Energy-Efficient Motors Declared Mandatory Since 1997
Part one of a three-part article on motors and drives
A motor has failed, or technician testing has indicated it is deteriorating and needs to be replaced. Managers in this situation face two options. They can decide to have technicians repair the existing motor, or they can specify a new motor to replace it. In general, repairing it offers lower first costs while replacing it offers the opportunity to improve the application’s energy efficiency.
Most motors manufactured before 1992 are considered standard-efficiency motors. Since then, higher operating efficiencies have become mandatory, first in 1997 and again in 2010. Managers can recover the additional cost of higher-efficiency motors fairly quickly through energy savings, particularly if the motor is in continuous use. The U.S. Department of Energy and most motor manufacturers offer software managers can use to evaluate the savings produced by installing higher-efficiency motors for a range of applications and annual run times.
While energy efficiency is an important factor to consider when evaluating the repair-or-replace question, it is not the only one. Managers need to take into account additional factors that depend to a great extent on the application and vary among facilities.
The first step is to consider the application. Is the failed motor the correct motor for that application? Was it oversized or undersized? Has it been damaged in the past? What failed in the motor? Technicians can correct simple failures with such actions as bearing replacement or shaft straightening, which are relatively inexpensive. More extensive repairs, such as rewinding or replacing the rotor bars, are significantly more expensive and require careful evaluation.

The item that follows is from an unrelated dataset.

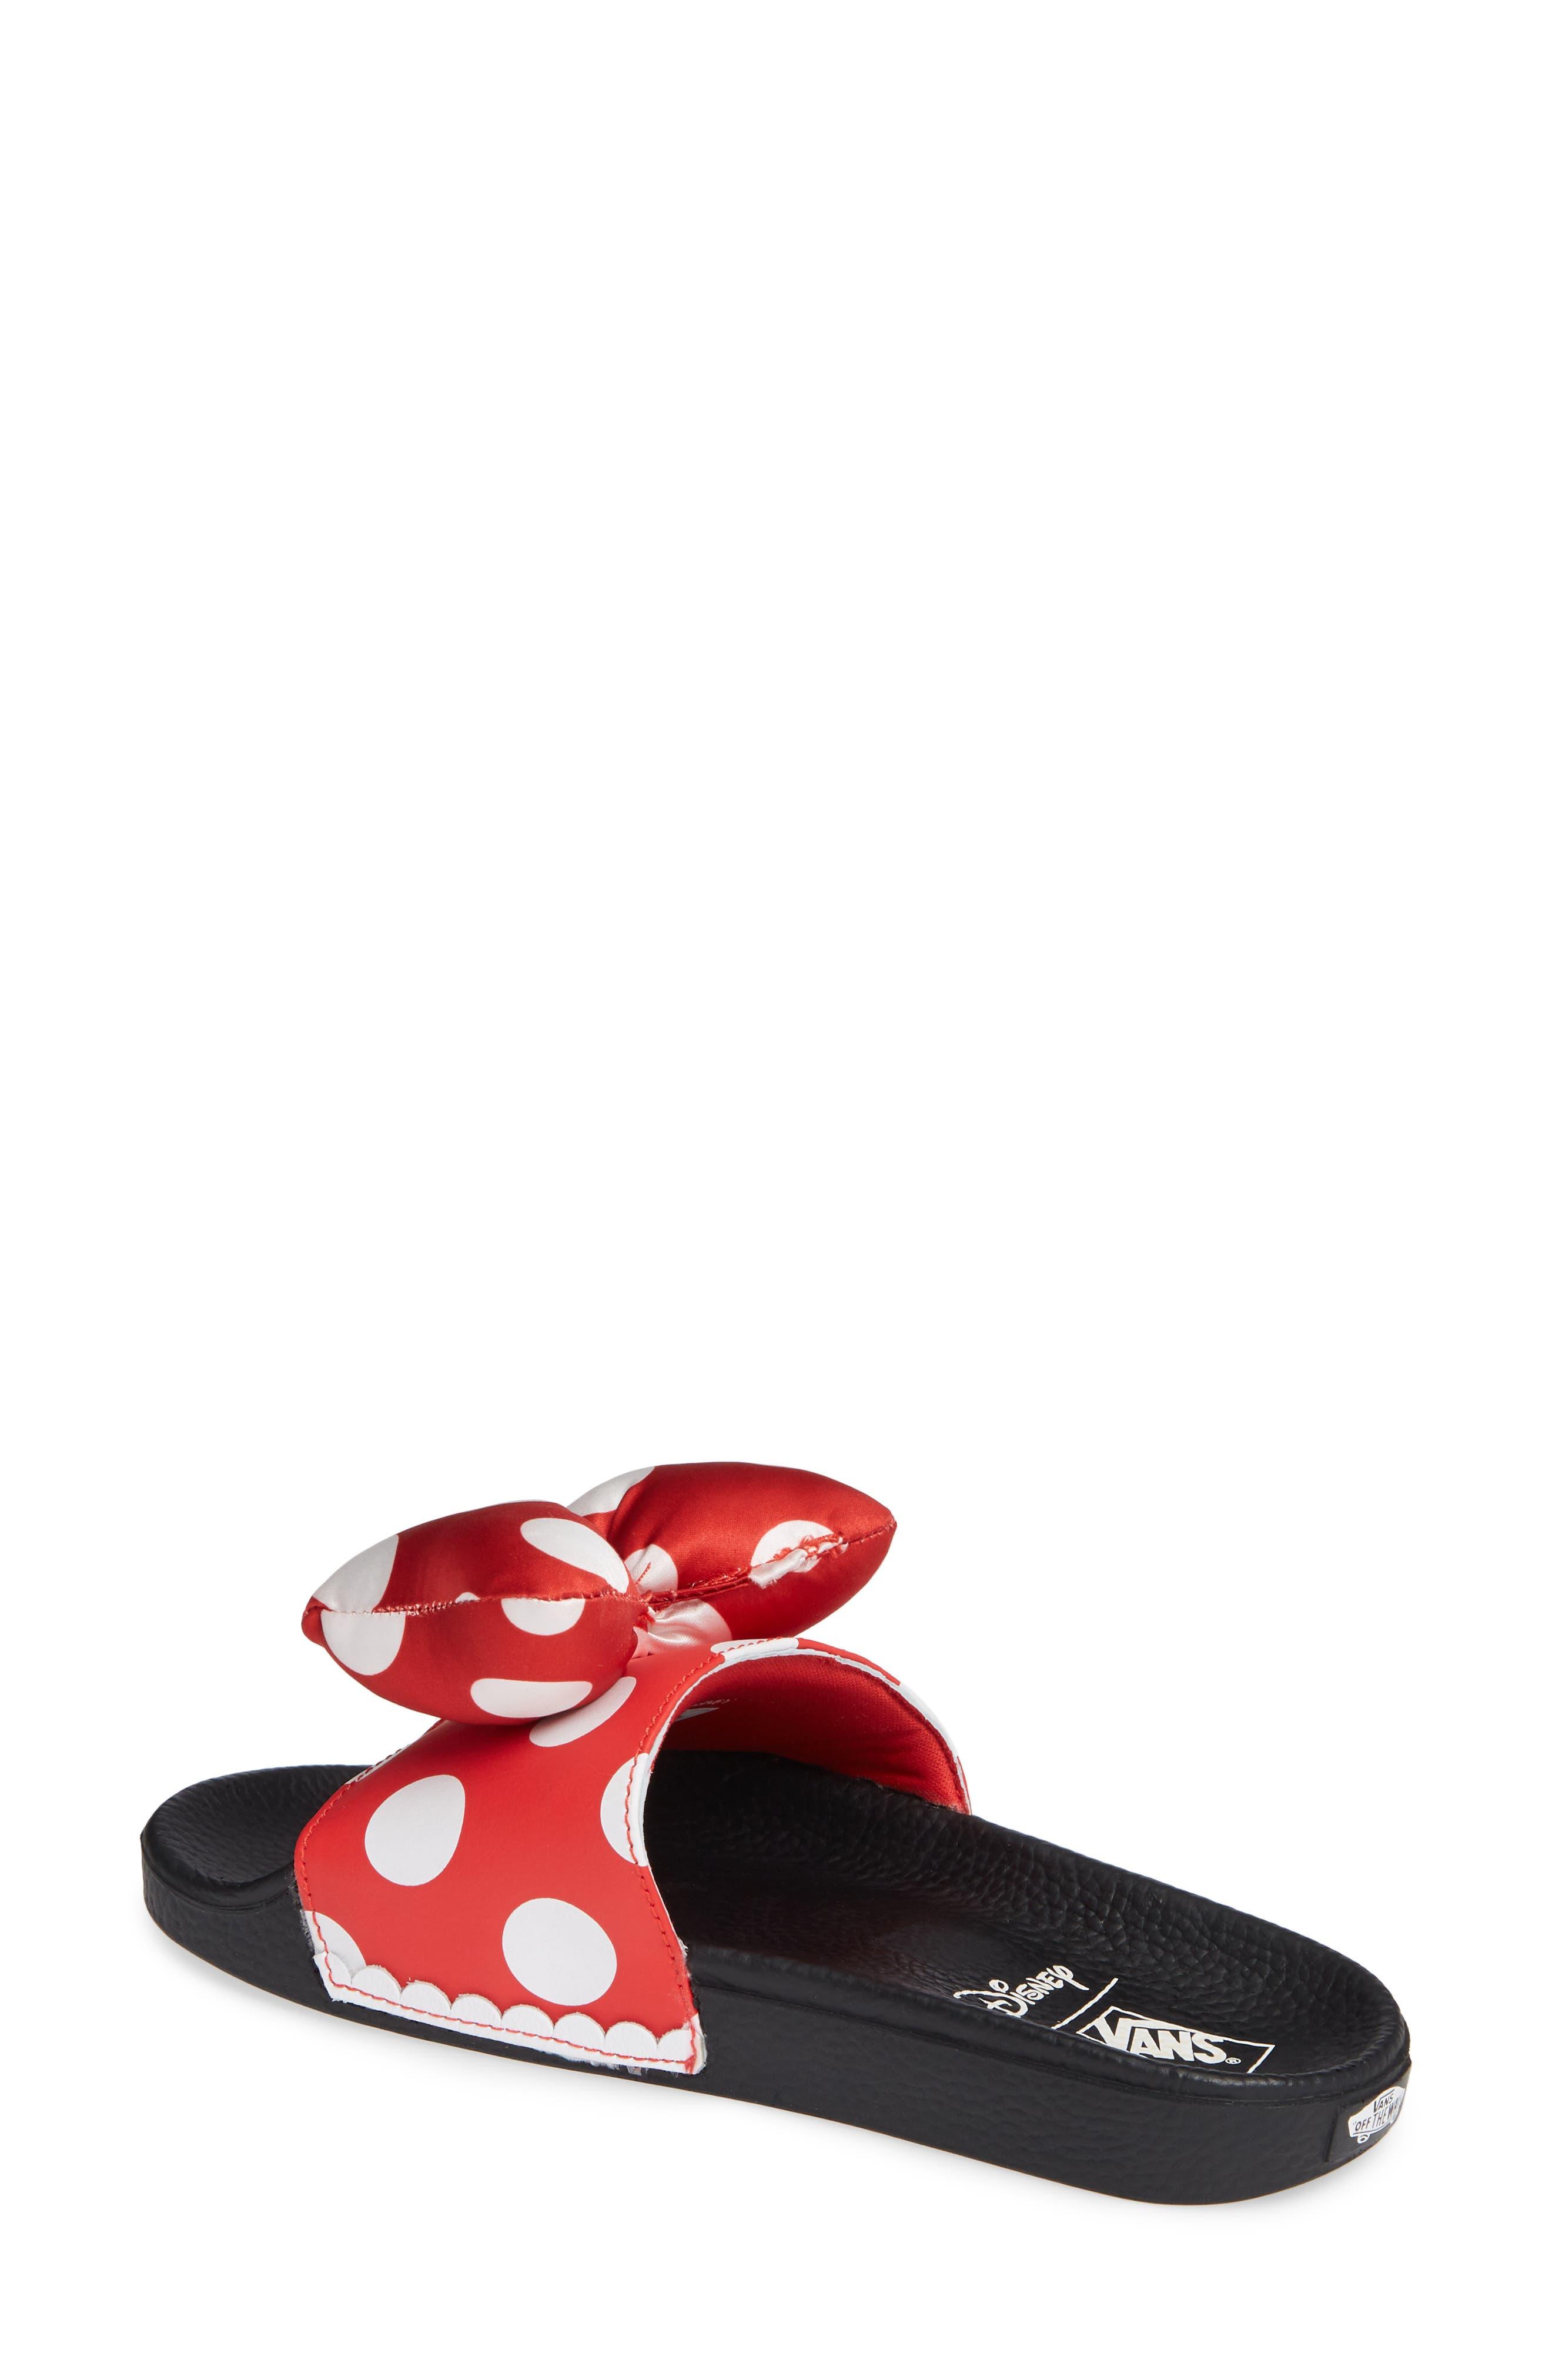 x Disney Minnie Mouse Slide Sandal,                             Alternate thumbnail 2, color,                             600
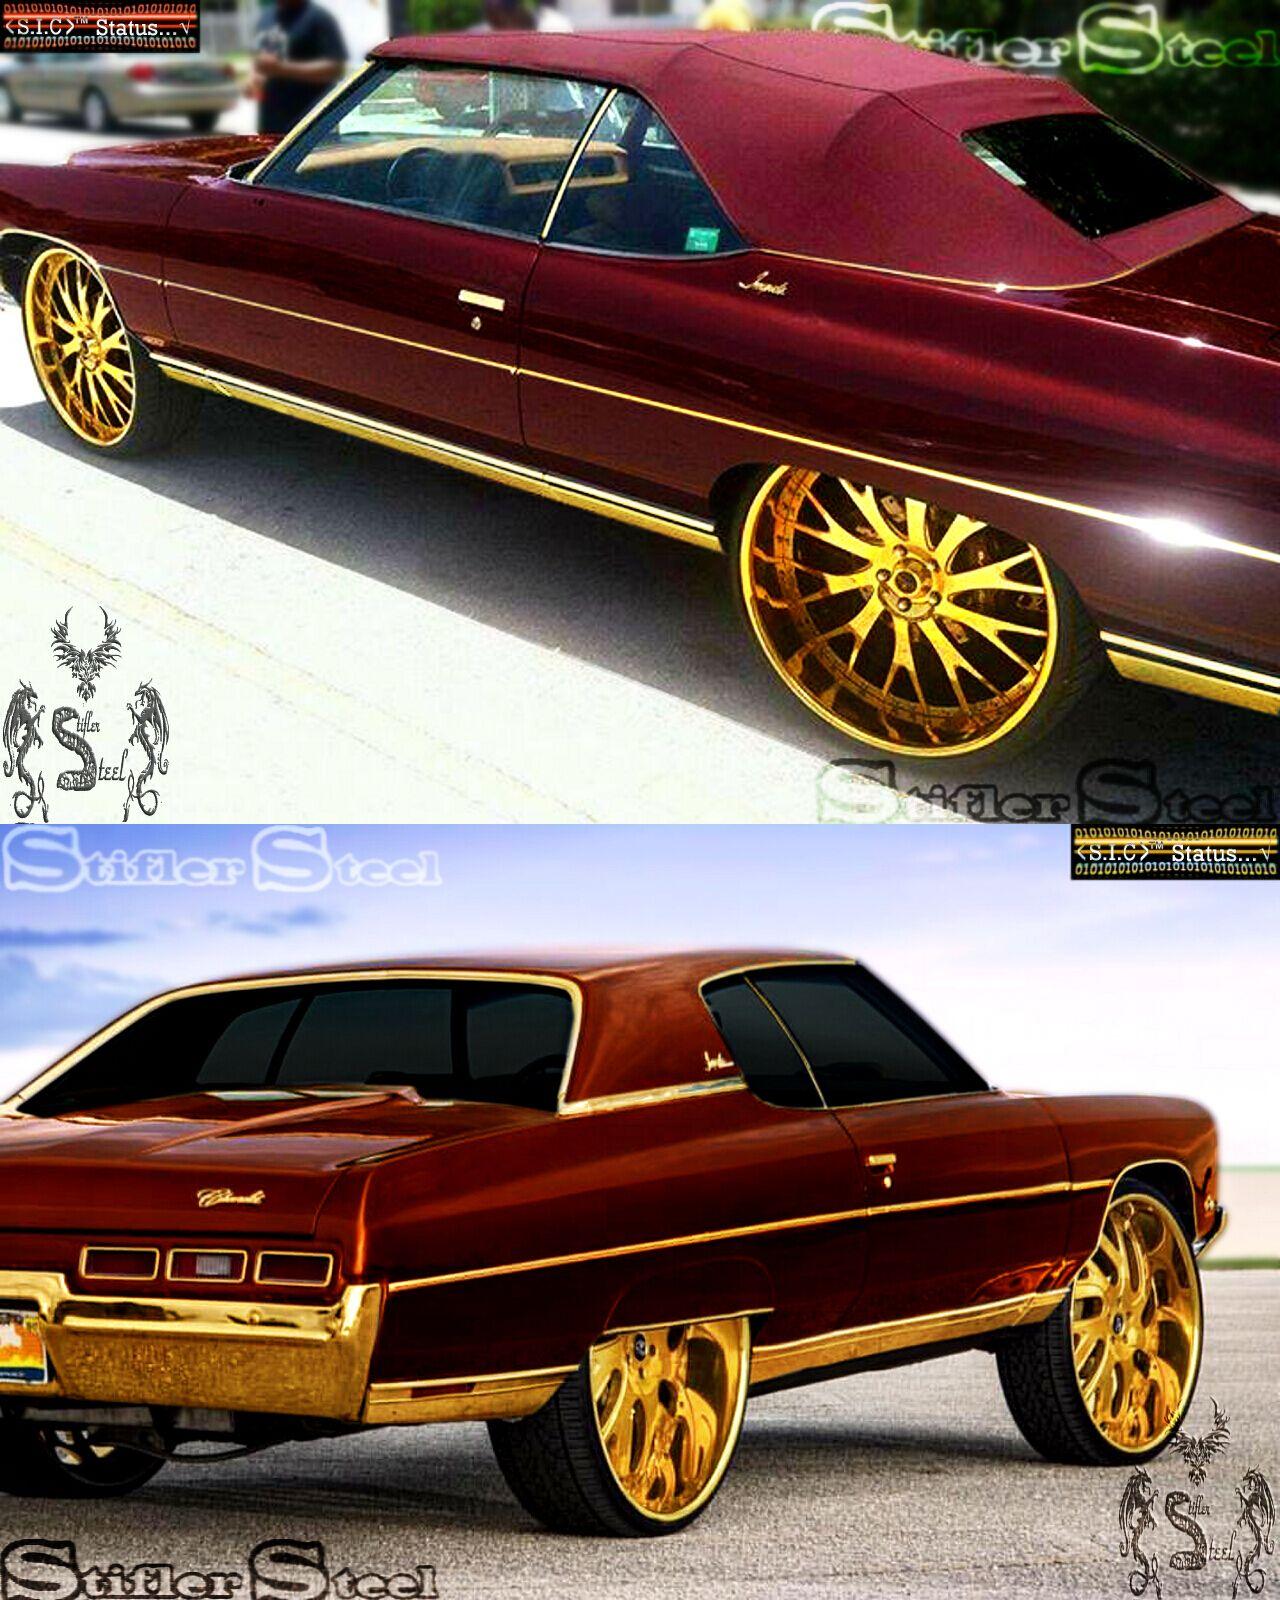 Golden Chevrolet : golden, chevrolet, Bottom, Golden, Finish, (Illustration), STIFLER, STEEL, GOLDEN, CONCEPTS, #StiflerSteel, #AtlantaWhips, #ATLwhips, Cars,, Classic, Chevy

In general, if the motor is a standard motor, meaning it is available off the shelf, and if it is less than 25 hp, the rule of thumb says it is more economical to repair failed bearings but not to perform a rewind on the motor. Bearing costs are low when compared to the cost of replacing a motor, but the cost of rewinding is not low.
If the motor is a standard motor and greater than 25 hp, the same rule of thumb applies to bearing replacement, though not to rewinding. For these motors, managers should get a quote for the cost of the rewind. The rule of thumb is if that rewind cost is 50 percent or less than the cost of a new, premium-efficiency motor, the rewind is the better option. Managers need to remember, though, that rewinding a motor results in a slight decrease in its operating efficiency.
Rules of thumb aside, downtime frequently drives the decision to replace rather than repair. In many cases, replacement motors are readily available, and technicians can install them in as little as a day. In other cases, the replacement motor might not be a standard motor and might require a fairly long lead time to order. The time required to repair a failed motor varies with the size of the motor and the workload in the repair shop. Managers must consider the length of time the application can be down before deciding on the most appropriate option for the facility.
Managers need to check with the local utility to see if rebates are available for improving the operating efficiency of motors in a given application. Combined with the improvement in energy efficiency, the rebate might be enough to tip the balance in favor of replacement.
Managers also need to consider the warranties offered for a motor repair compared with replacement. Warranties have value and are part of the evaluation process.
James Piper, P.E., is a national facilities consultant based in Bowie, Md. He has more than 30 years of experience with facilities maintenance and engineering issues.